== REQUIRED ACTION ==
Going from the line that contains "ヤマサ醤油株式会社の代表写真2" through the last line of the records, set down each line again exactly, both included, with pictures left out.

== THE INPUT ==
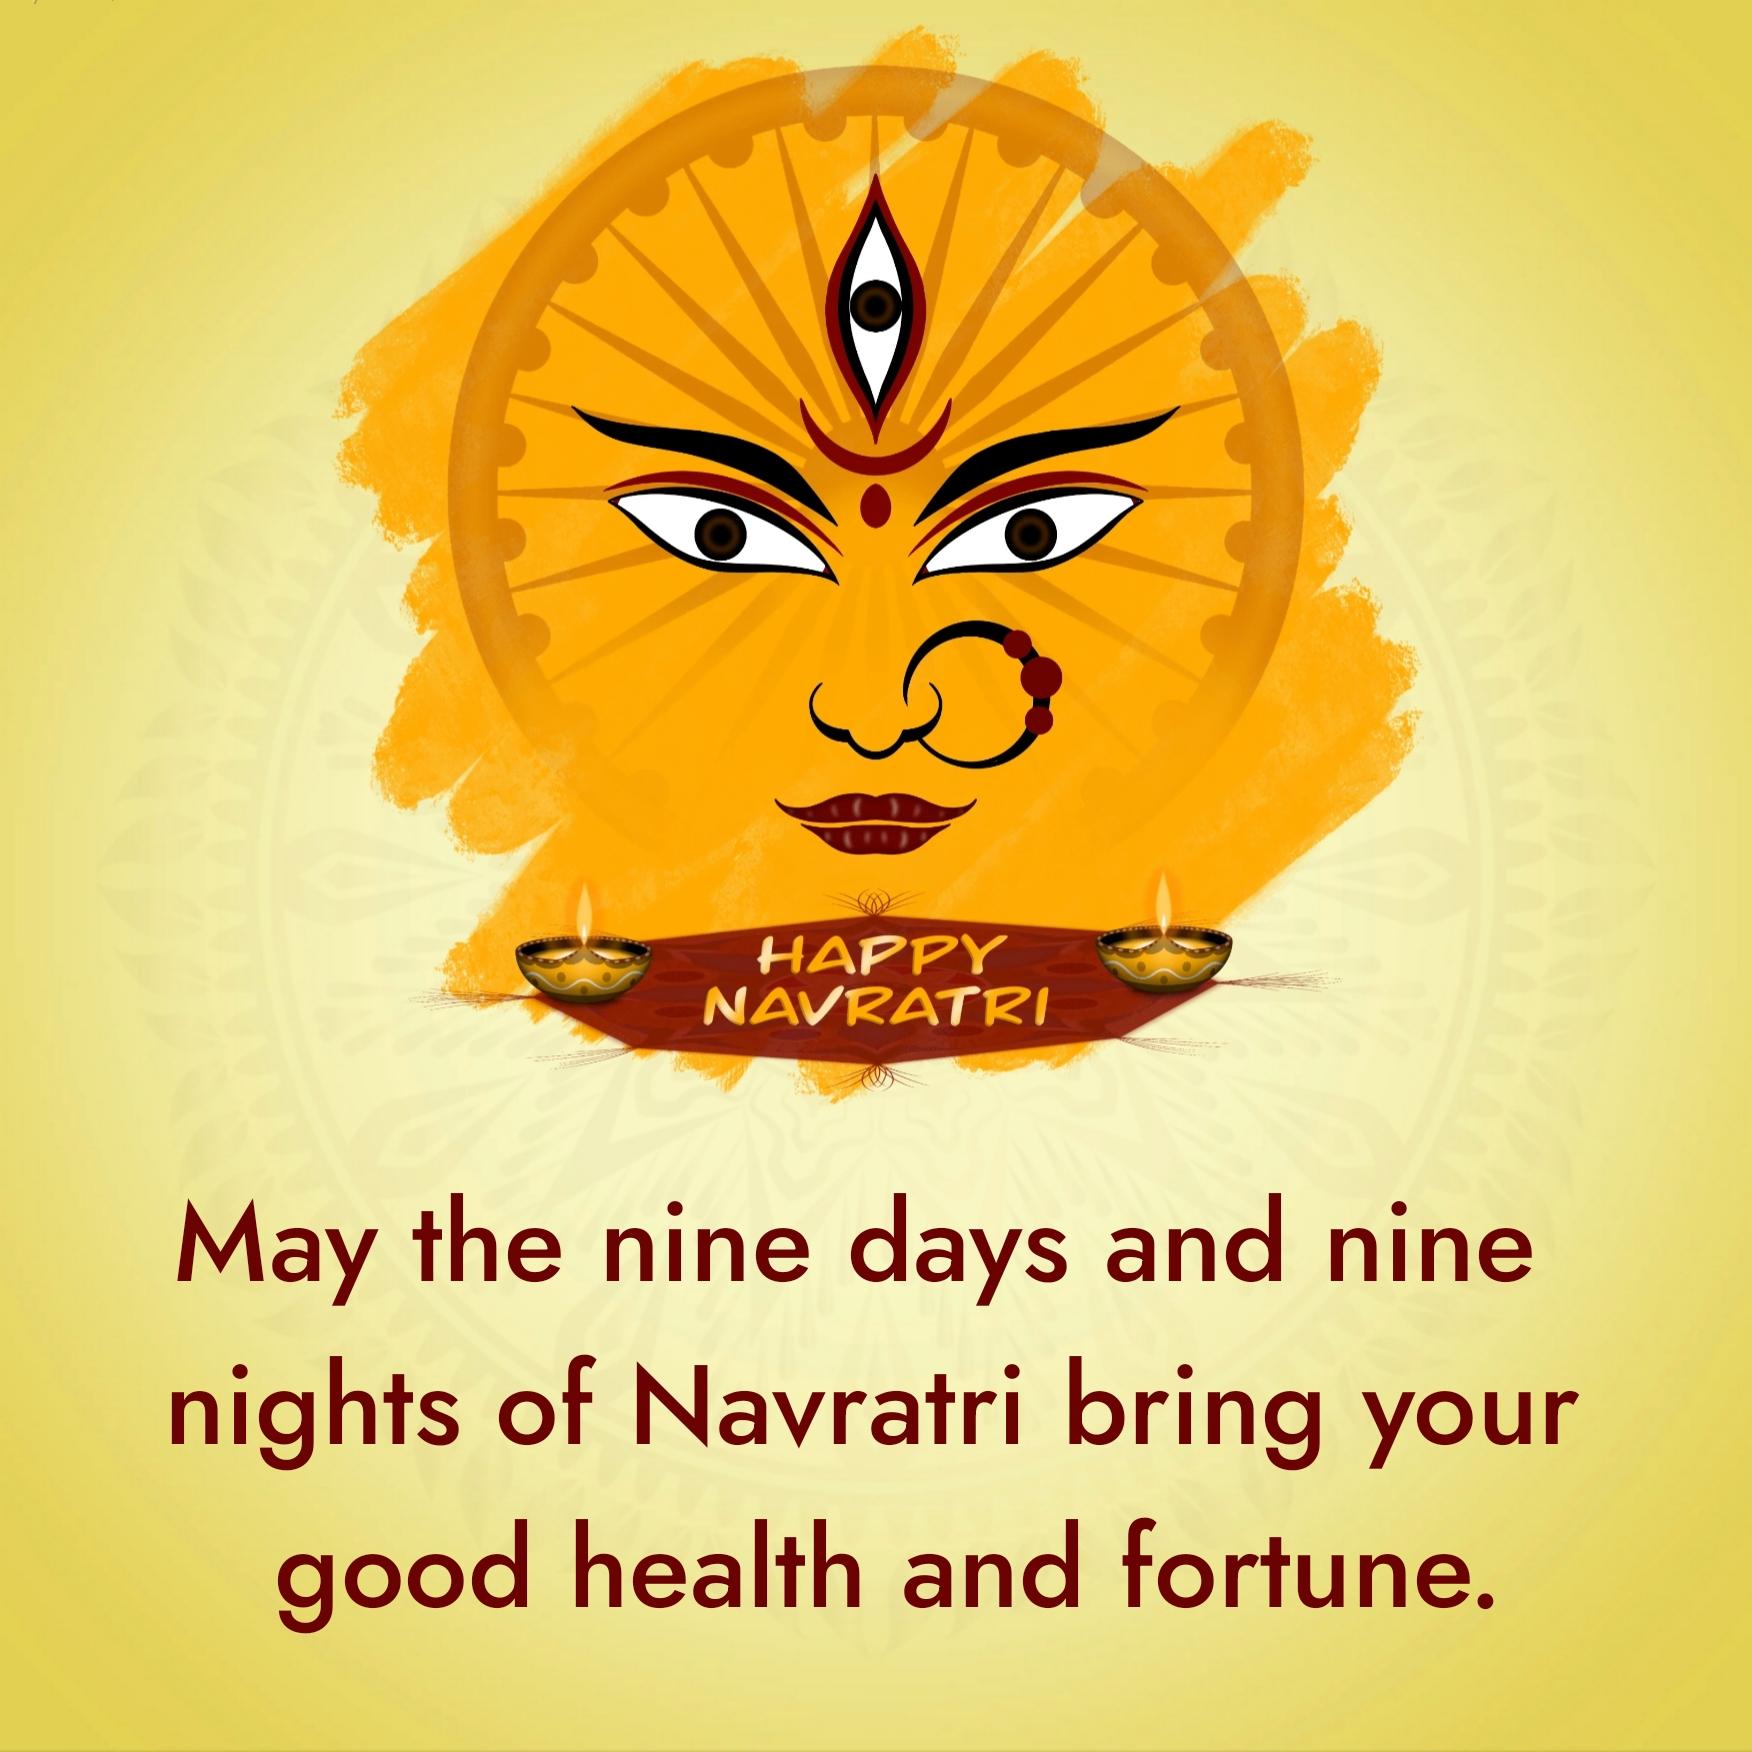 May the nine days and nine nights of Navratri
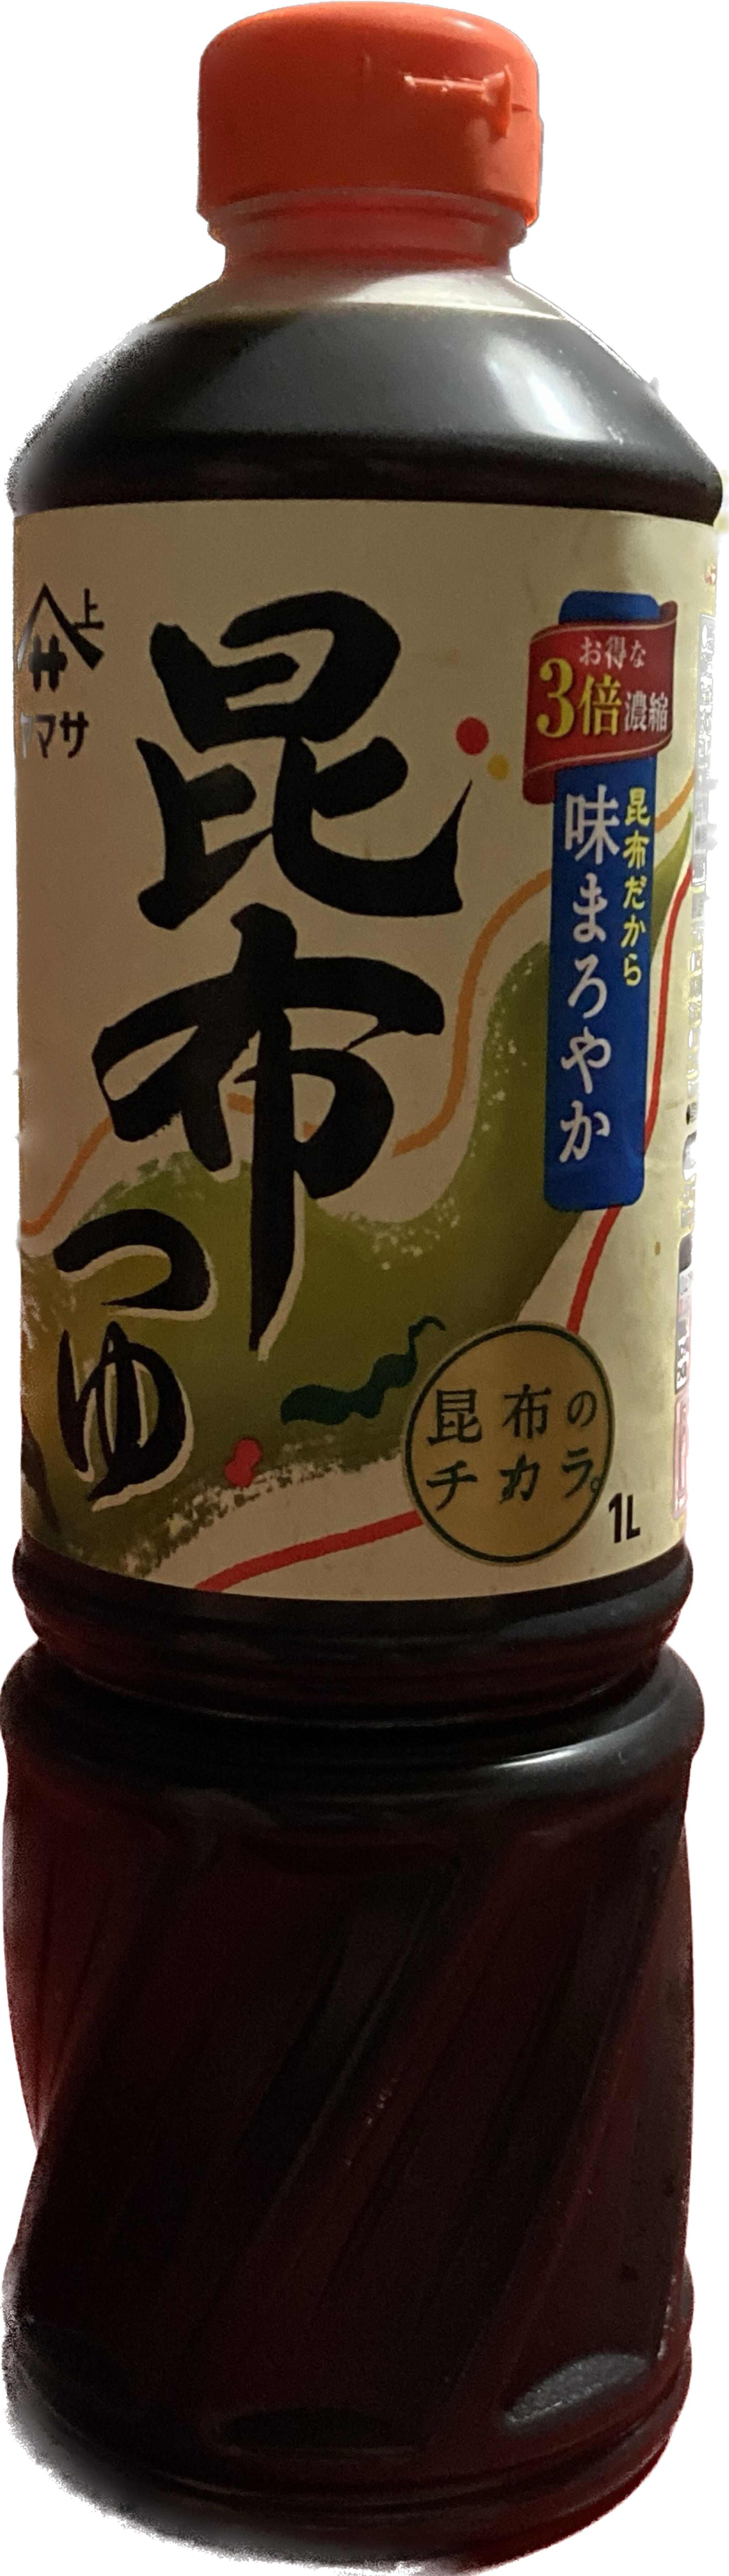 ヤマサ醤油株式会社の代表写真2
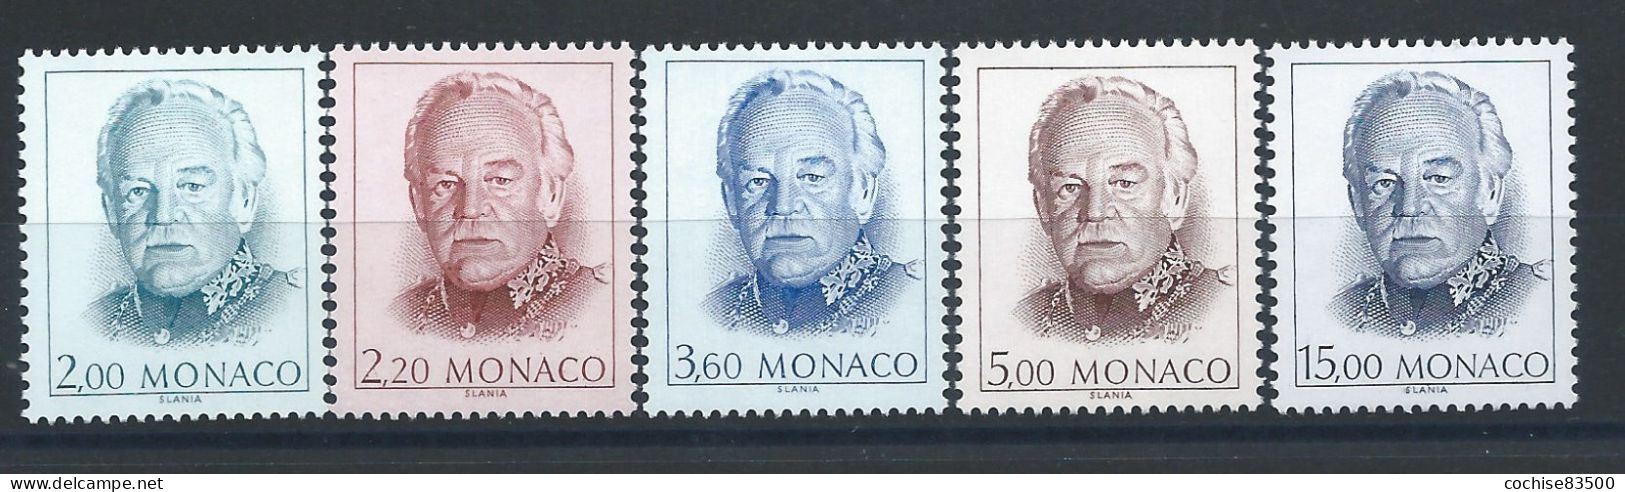 Monaco N°1671/75** (MNH) 1989 - Prince Rainier III - Nuevos
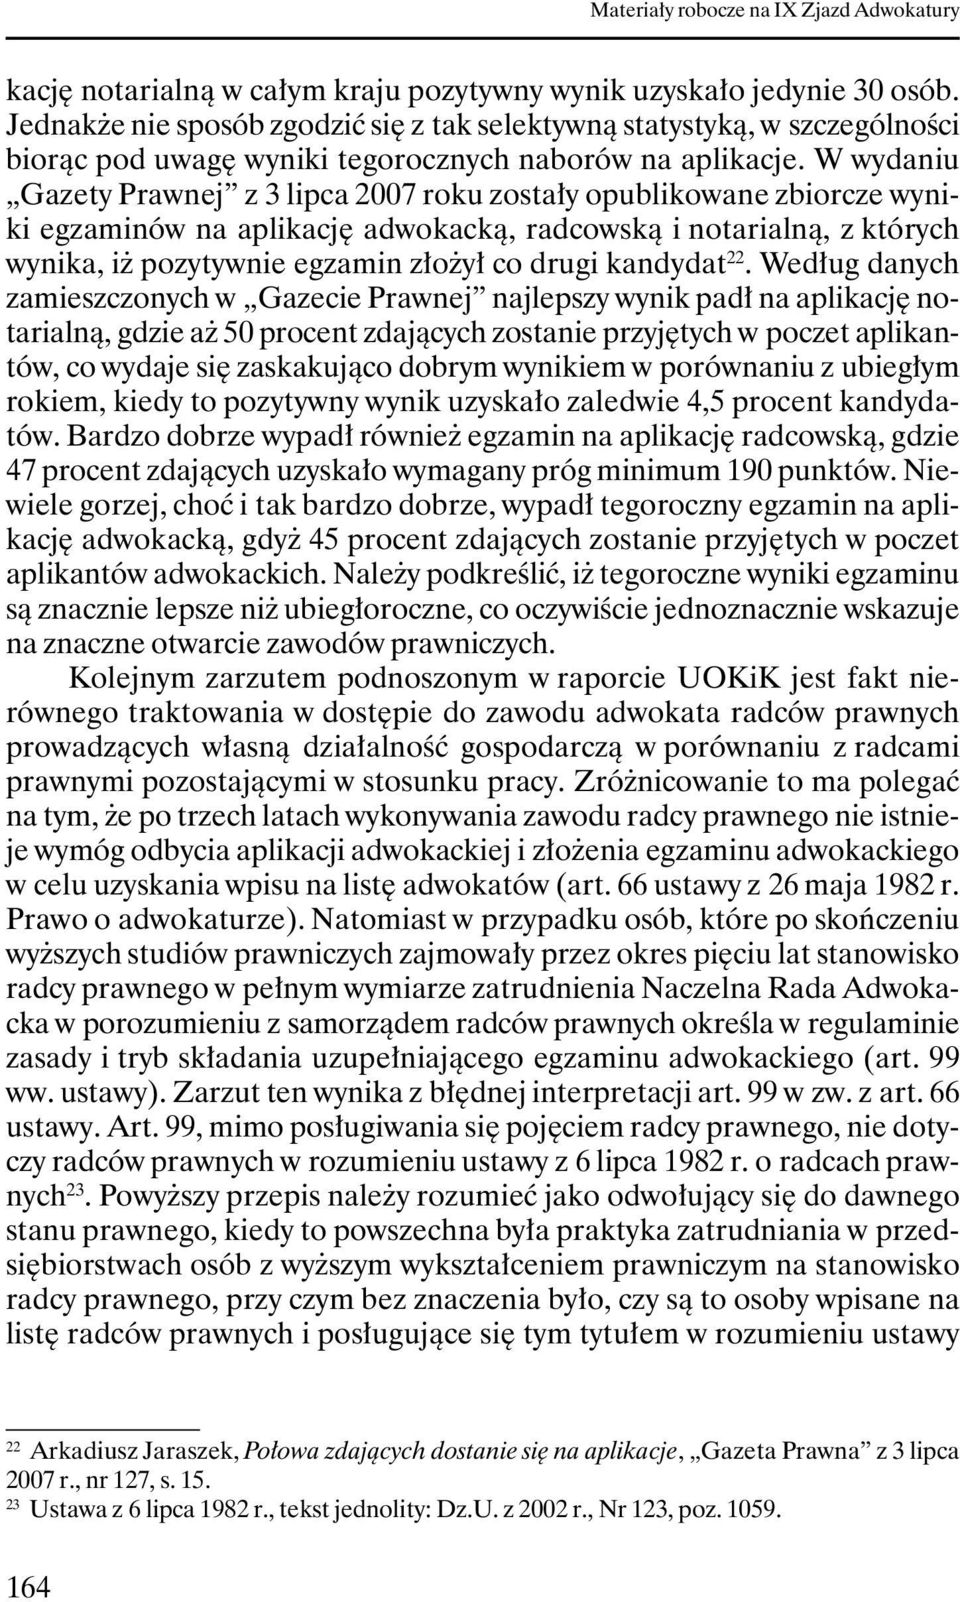 W wydaniu Gazety Prawnej z 3 lipca 2007 roku zostały opublikowane zbiorcze wyniki egzaminów na aplikację adwokacką, radcowską i notarialną, z których wynika, iŝ pozytywnie egzamin złoŝył co drugi
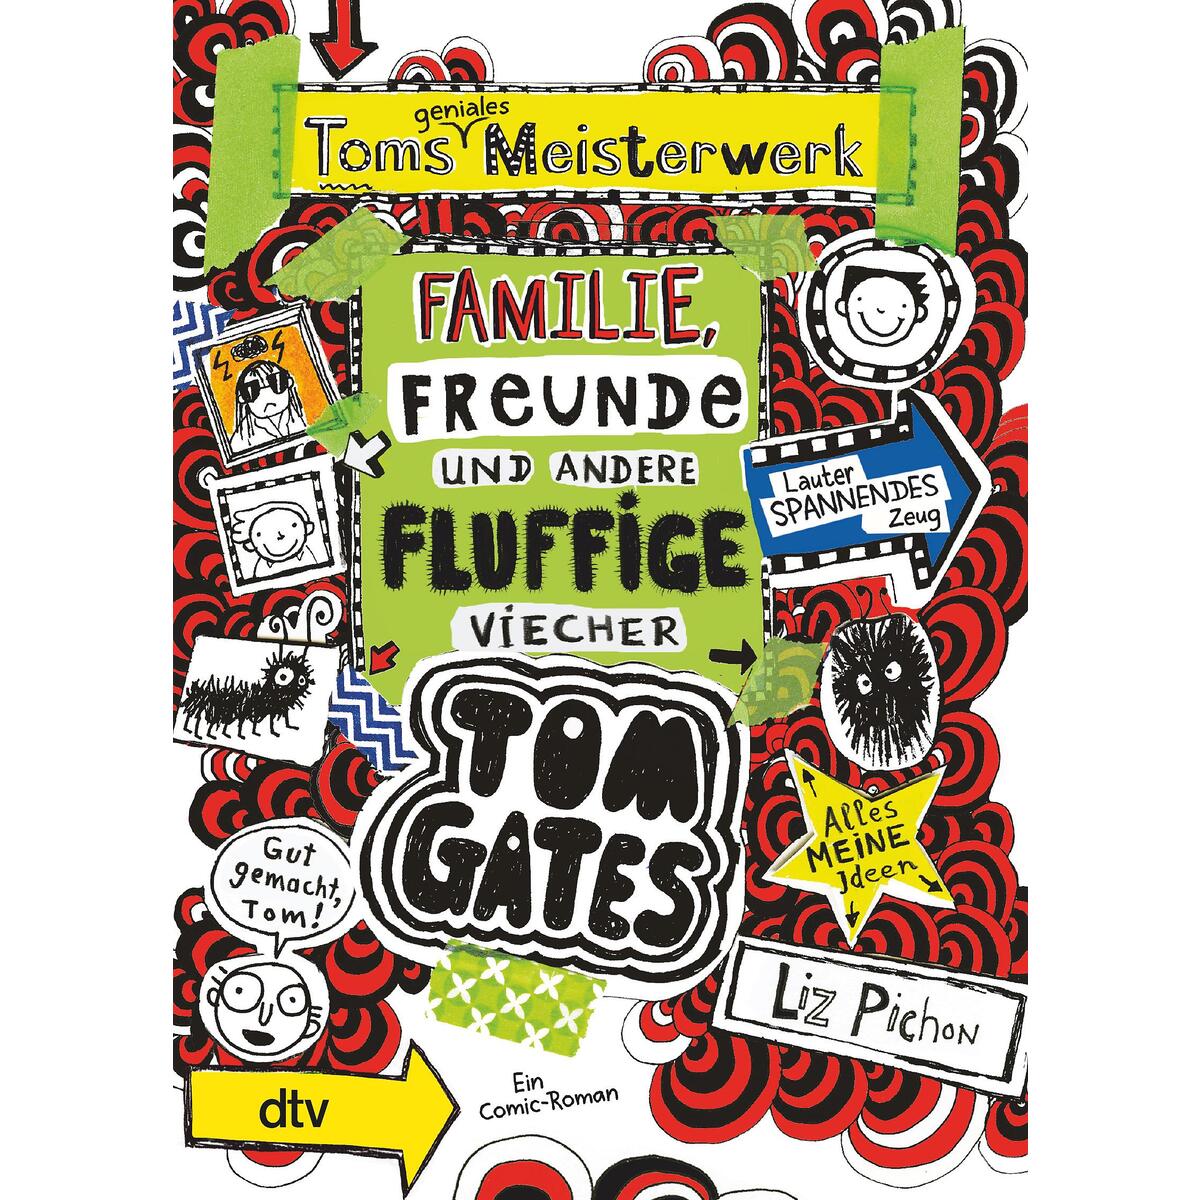 Tom Gates 12: Toms geniales Meisterwerk (Familie, Freunde und andere fluffige Vi... von dtv Verlagsgesellschaft

== ANSWER SECTION ==
 ヤマサ醤油株式会社の代表写真2
 Monaco N°1671/75** (MNH) 1989 - Prince Rainier III - Nuevos
 W wydaniu Gazety Prawnej z 3 lipca 2007 roku zostały opublikowane zbiorcze wyniki egzaminów na aplikację adwokacką, radcowską i notarialną, z których wynika, iŝ pozytywnie egzamin złoŝył co drugi
 Tom Gates 12: Toms geniales Meisterwerk (Familie, Freunde und andere fluffige Vi... von dtv Verlagsgesellschaft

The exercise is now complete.